JUNE 11, 2008
The business of everyday life
![]() |
NONFICTION: Bill Wood's Business |
If you sat through Because I Said So last year desperately wishing Diane Keaton would find a project worthy of her talent and intelligence, take heart.
Twenty years ago, the actress (and photography enthusiast) bought the archives of the Bill Wood Photo Company, a defunct commercial-photography studio in Ft. Worth, Texas.
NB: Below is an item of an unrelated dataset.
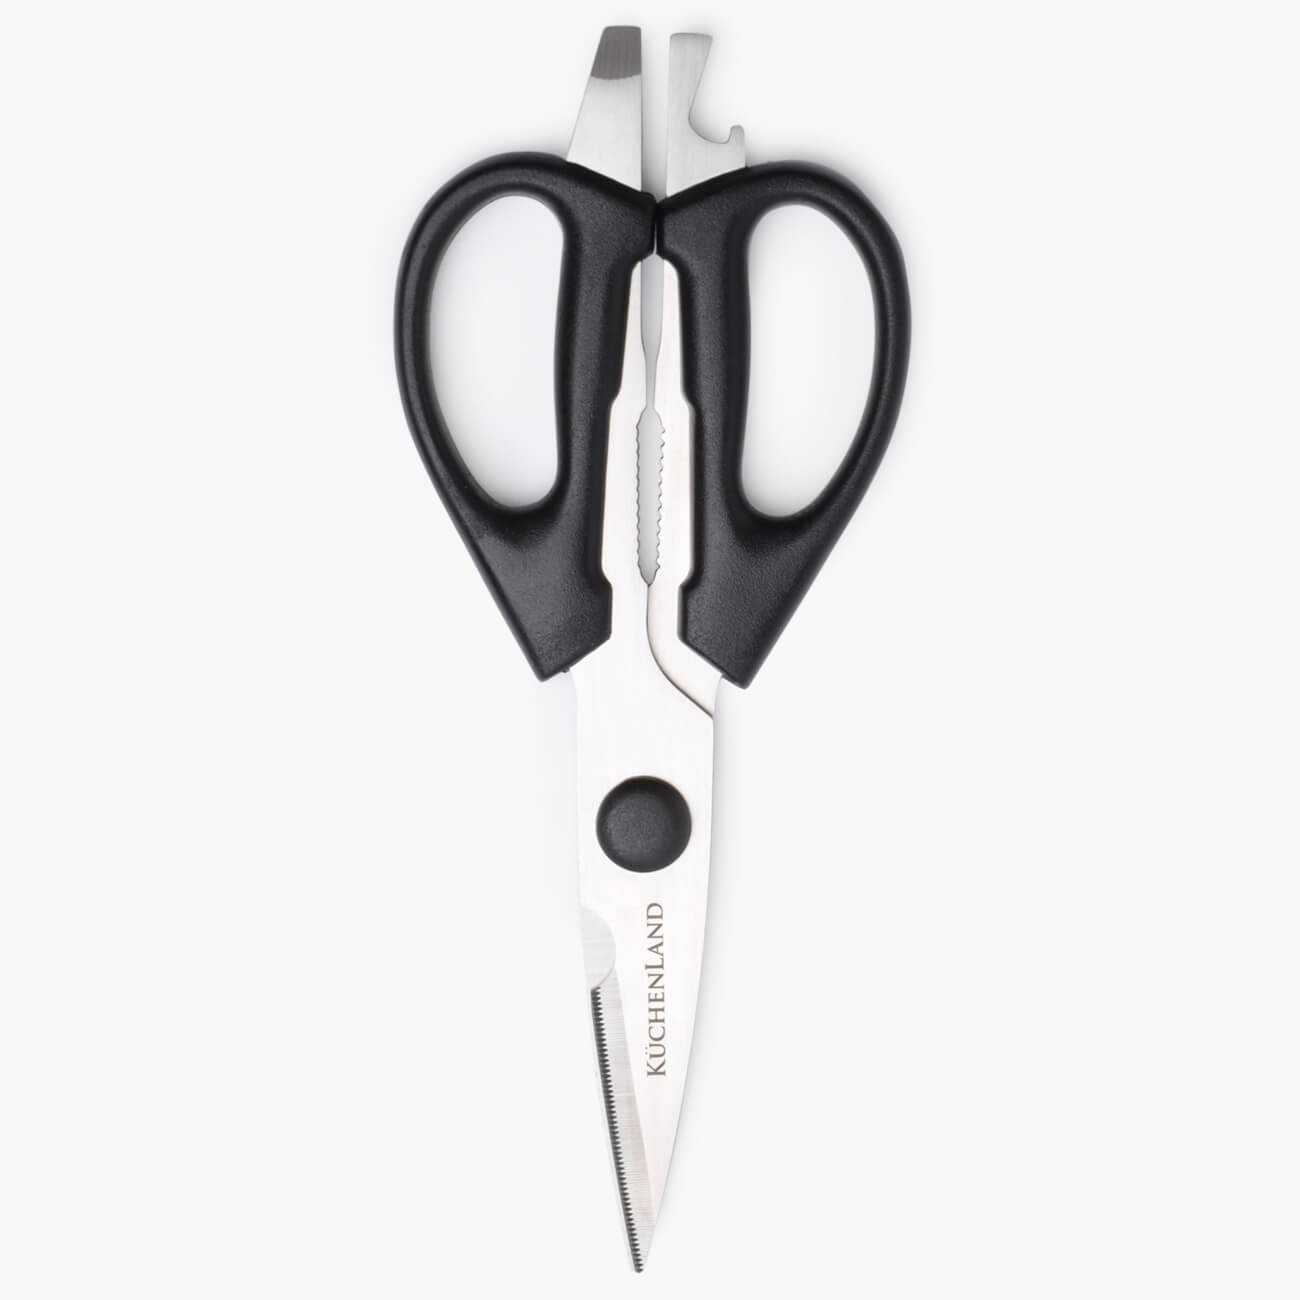 Ножницы кухонные, 21 см, с открывалкой и орехоколом, сталь/пластик, черные, Black style универсальные ножницы mr logo

Wood was a basic camera-for-hire in the 1950s and ’60s, snapping utilitarian portraits of whatever his clients wanted — car showrooms, glee clubs, beloved pets, deceased relatives — with little thought of artistry.
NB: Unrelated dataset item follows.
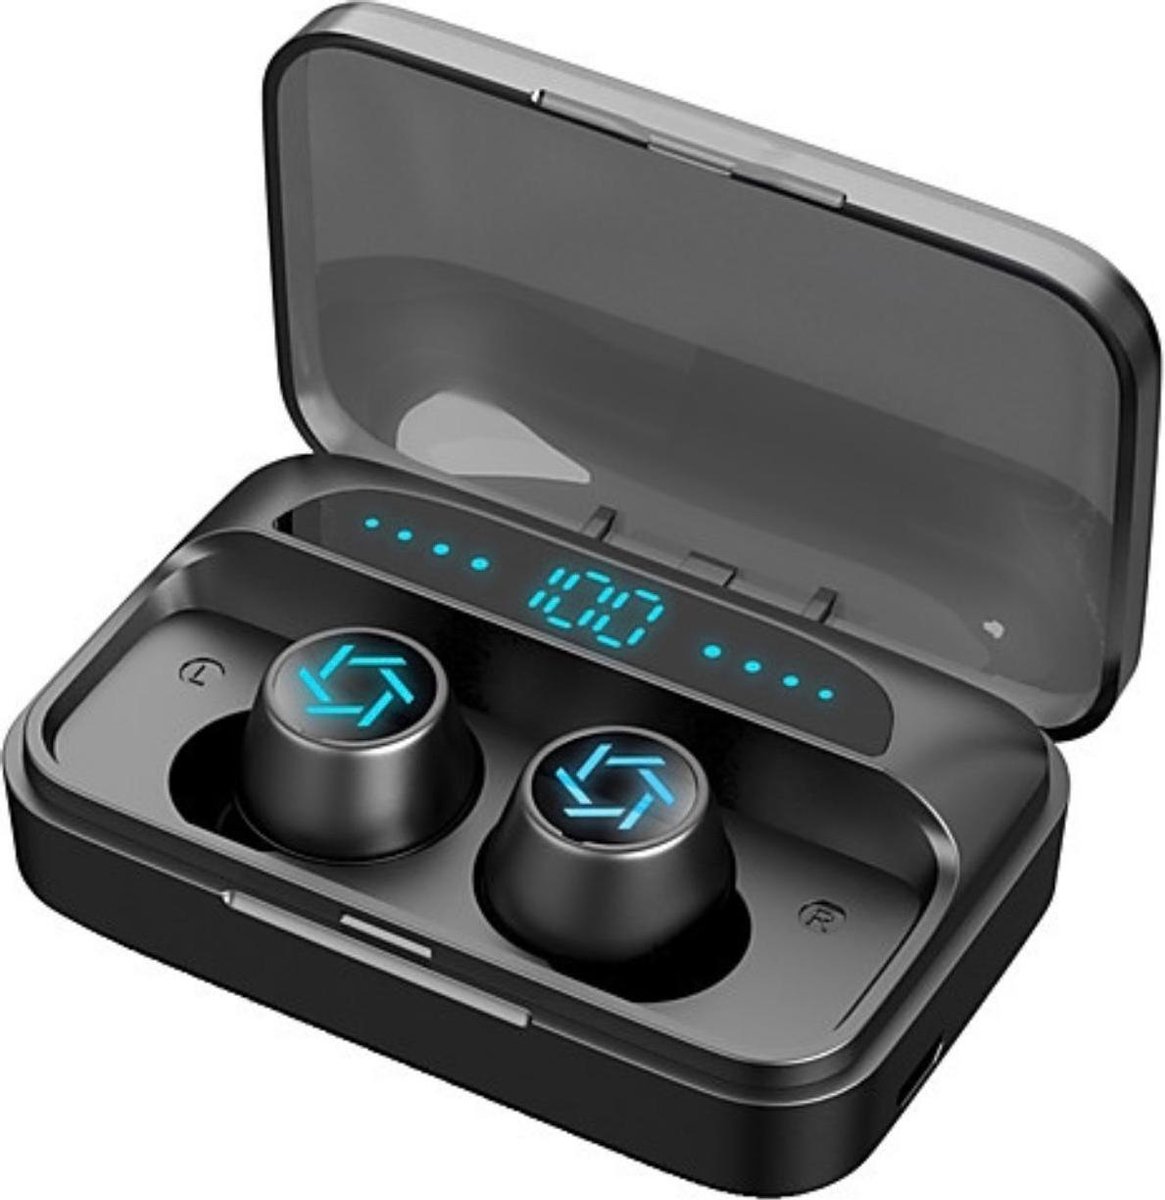 TWS - Draadloze oortjes / in-ear oordopjes - Bluetooth Draadloze buds - Luxe indicator - Geschikt voor alle smartphones o.a Samsung & Iphone, , galaxy buds, huawei, sony - Zwart.

But curated by Keaton (with help from co-editor Marvin Heiferman) in the addictive book Bill Wood’s Business, the photographs take on a life and a slightly weird, unwitting artistry of their own. Bill Wood’s Business is a riveting time capsule of mid-century Middle American life — an album of what was important to one community at one point in time. The fun for the reader (and, one imagines, Keaton) is figuring out why it was.
Bill Wood’s Business (Steidl/ICP; hardcover; 246 pages)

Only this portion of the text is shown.